Create and load projects
Contents
Create and load projects#
Projects refer to a context
directory that holds all the project code and configuration. The context
dir is
usually mapped to a git
repository and/or to an IDE (PyCharm, VSCode, etc.) project.
There are three ways to create/load a project
object:
new_project()
— Create a new MLRun project and optionally load it from a yaml/zip/git template.load_project()
— Load a project from a context directory or remote git/zip/tar archive.get_or_create_project()
— Load a project from the MLRun DB if it exists, or from a specified context/archive.
Projects can also be loaded and workflows/pipelines can be executed using the CLI (using the mlrun project
command).
Note
Data-access permissions are given to the original creator of files. If you transfer ownership on a project to a user in a different user group, then you must give the new owner the relevant permissions on the data files and folders of the project (by modifying the POSIX permissions in the file-system on the project files if possible). Otherwise, the user will not be able to work with the project data.
In this section
Creating a new project#
To define a new project from scratch, use new_project()
. You must specify a name
,
location for the context
directory (e.g. ./
) and other optional parameters (see below).
The context
dir holds the configuration, code, and workflow files.
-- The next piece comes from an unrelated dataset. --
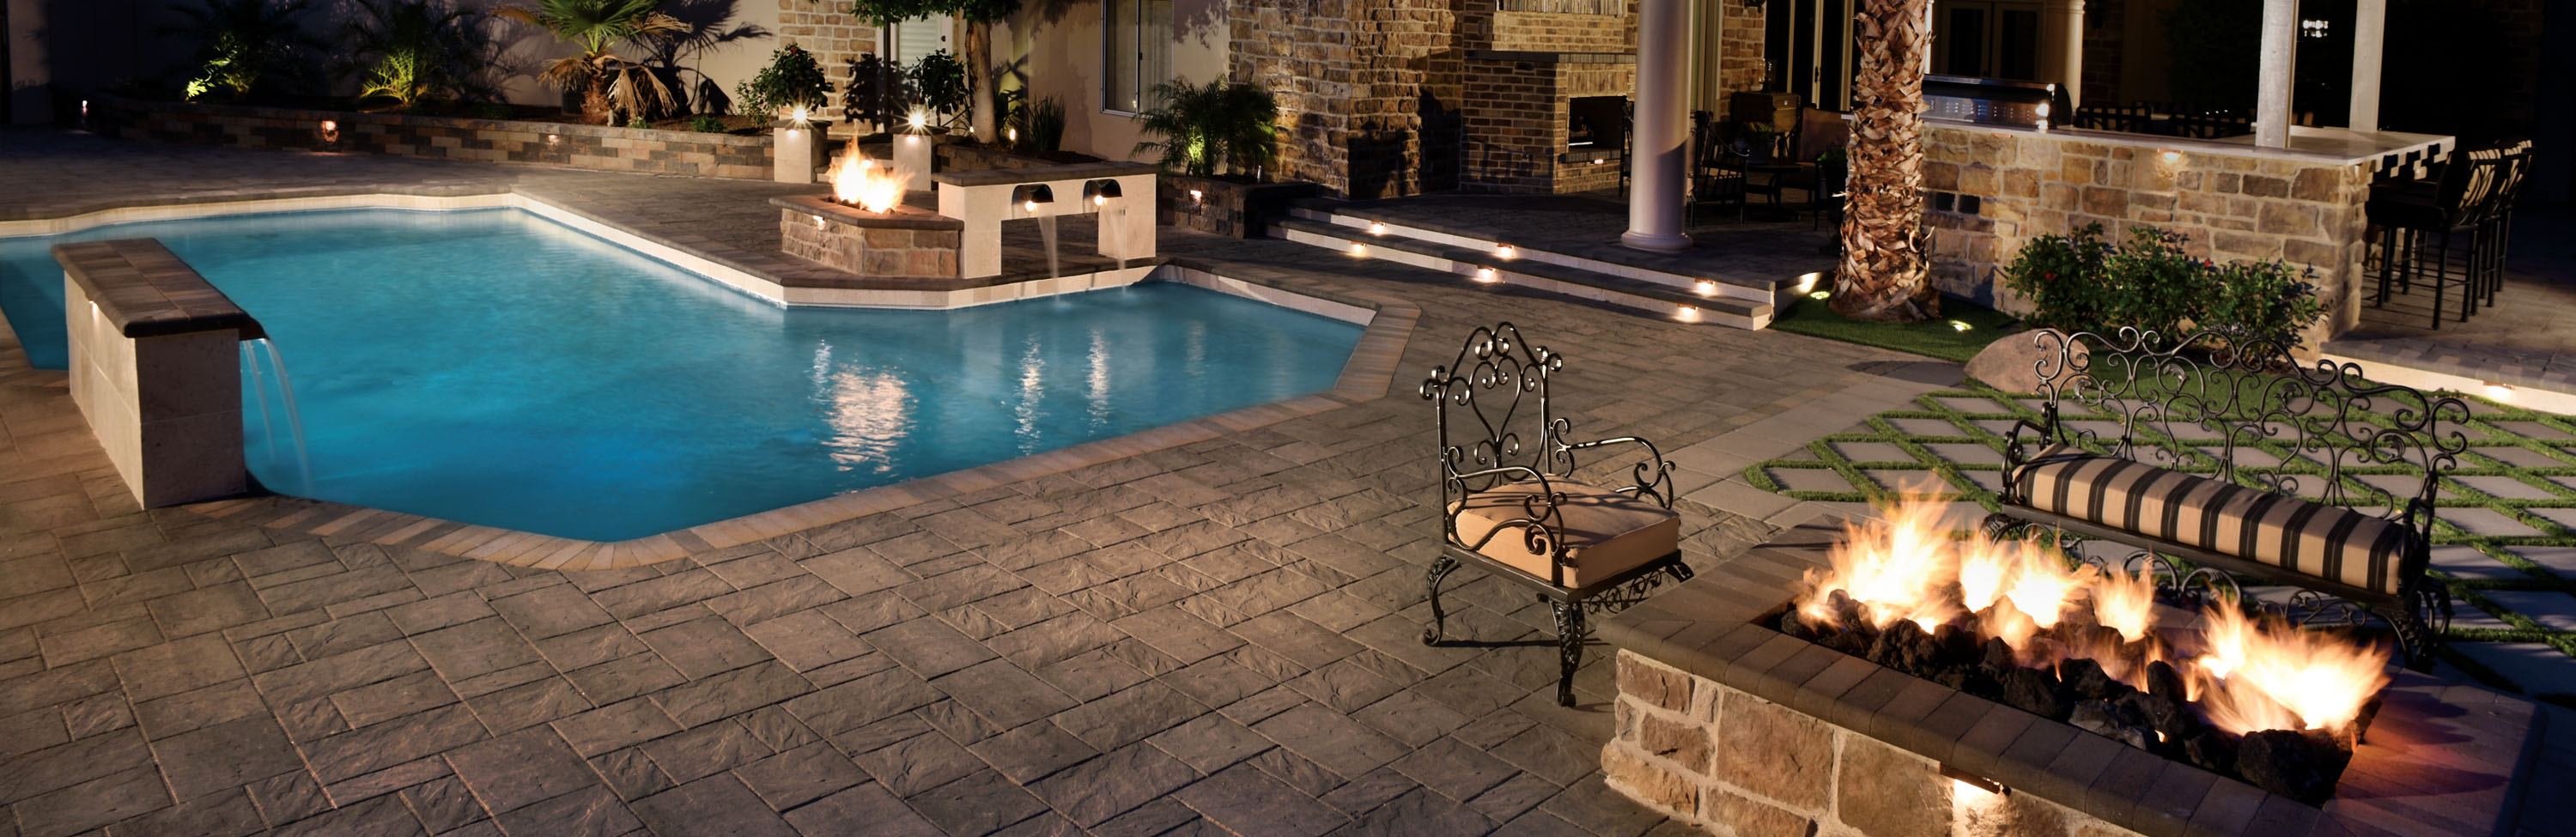 Aztec Stone and coping in slate color at poolside in night photograph

File paths in the project are relative to the context root.
# create a project with local and marketplace functions
project = mlrun.new_project("myproj", "./", init_git=True, description="my new project")
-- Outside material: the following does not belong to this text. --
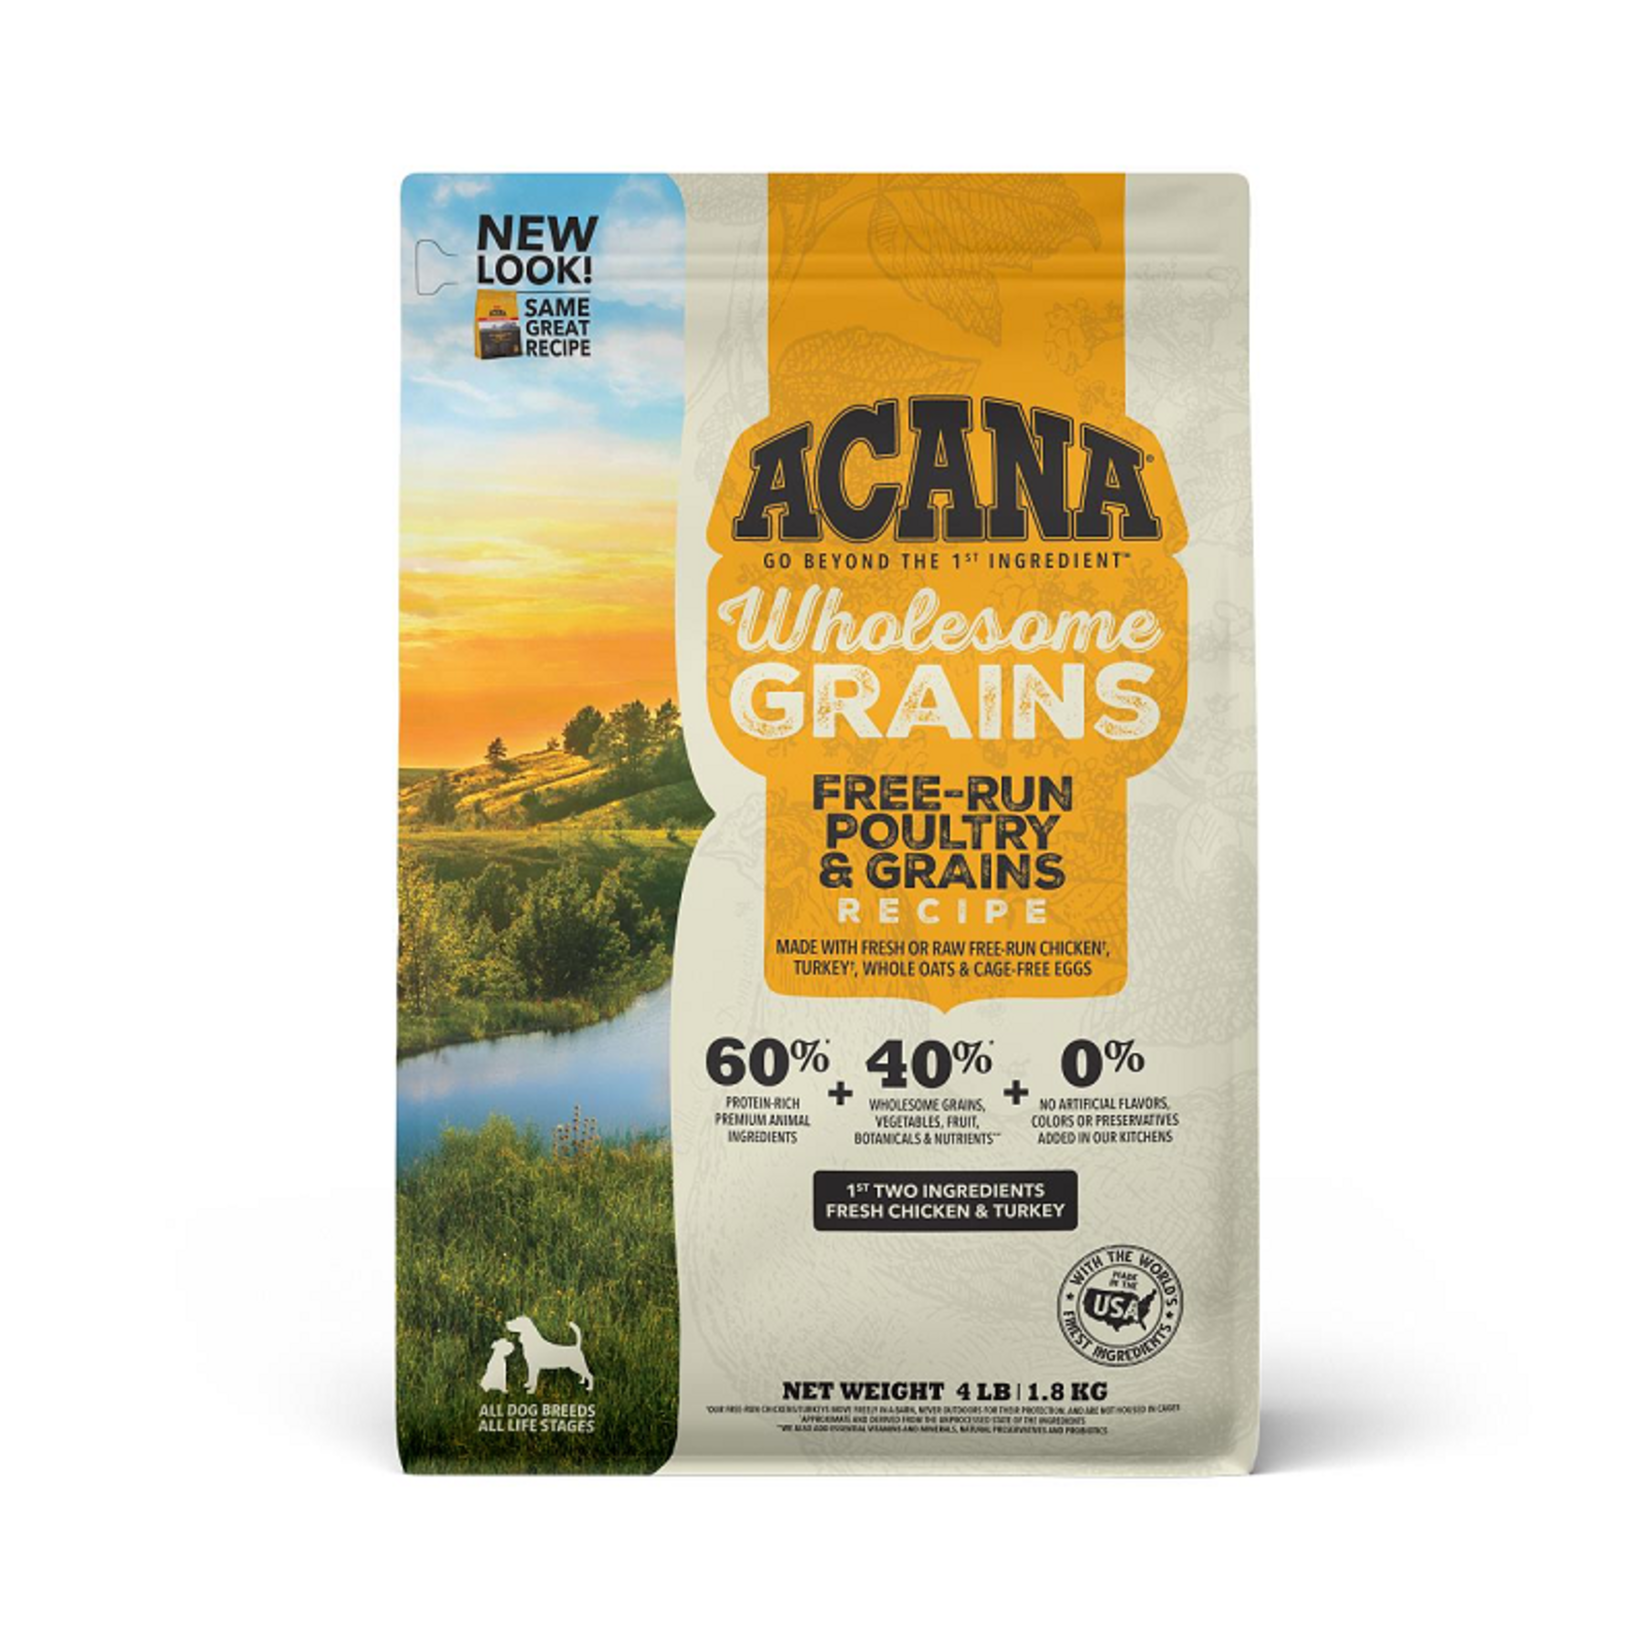 Acana Free-Run Poultry - Wholesome Grains - Acana - Dog

project.set_function('prep_data.py', 'prep-data', image='mlrun/mlrun', handler='prep_data')
project.set_function('hub://sklearn_classifier', 'train')
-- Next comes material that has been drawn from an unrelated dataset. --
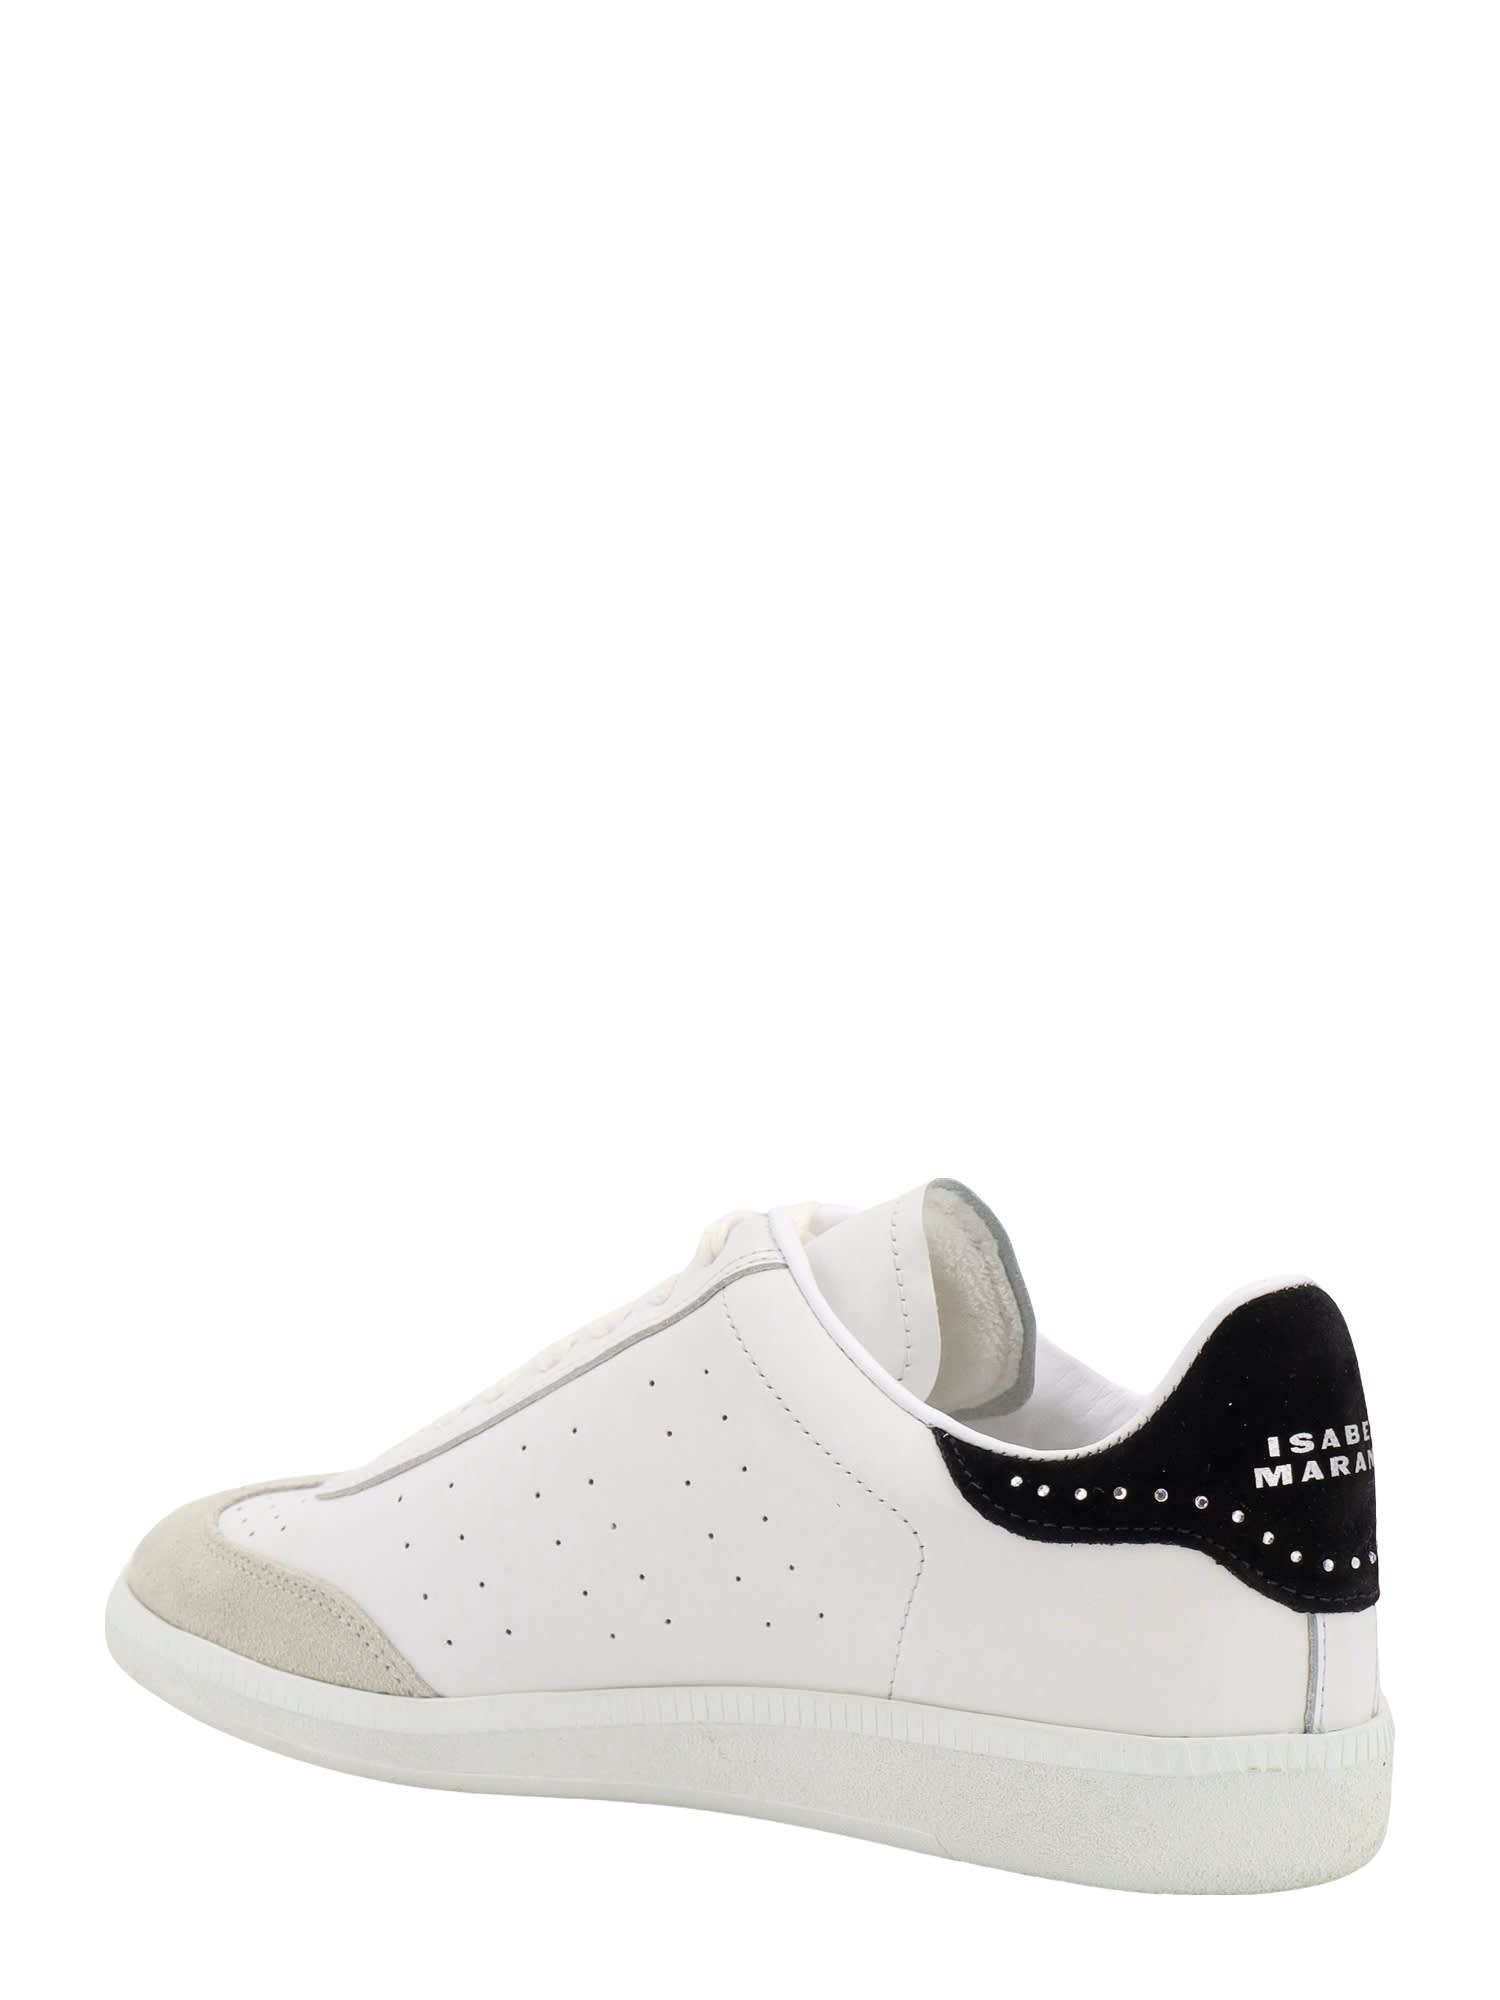 Shop Isabel Marant Sneakers In Whb White Black

# register a simple named artifact in the project (to be used in workflows)
data_url = 'https://s3.wasabisys.com/iguazio/data/iris/iris.data.raw.csv'
project.set_workflow('main', "./myflow.py")
# add a multi-stage workflow (./myflow.py) to the project with the name 'main' and save the project
project.set_artifact('data', Artifact(target_path=data_url))
project.save()
# run the "main" workflow (watch=True to wait for run completion)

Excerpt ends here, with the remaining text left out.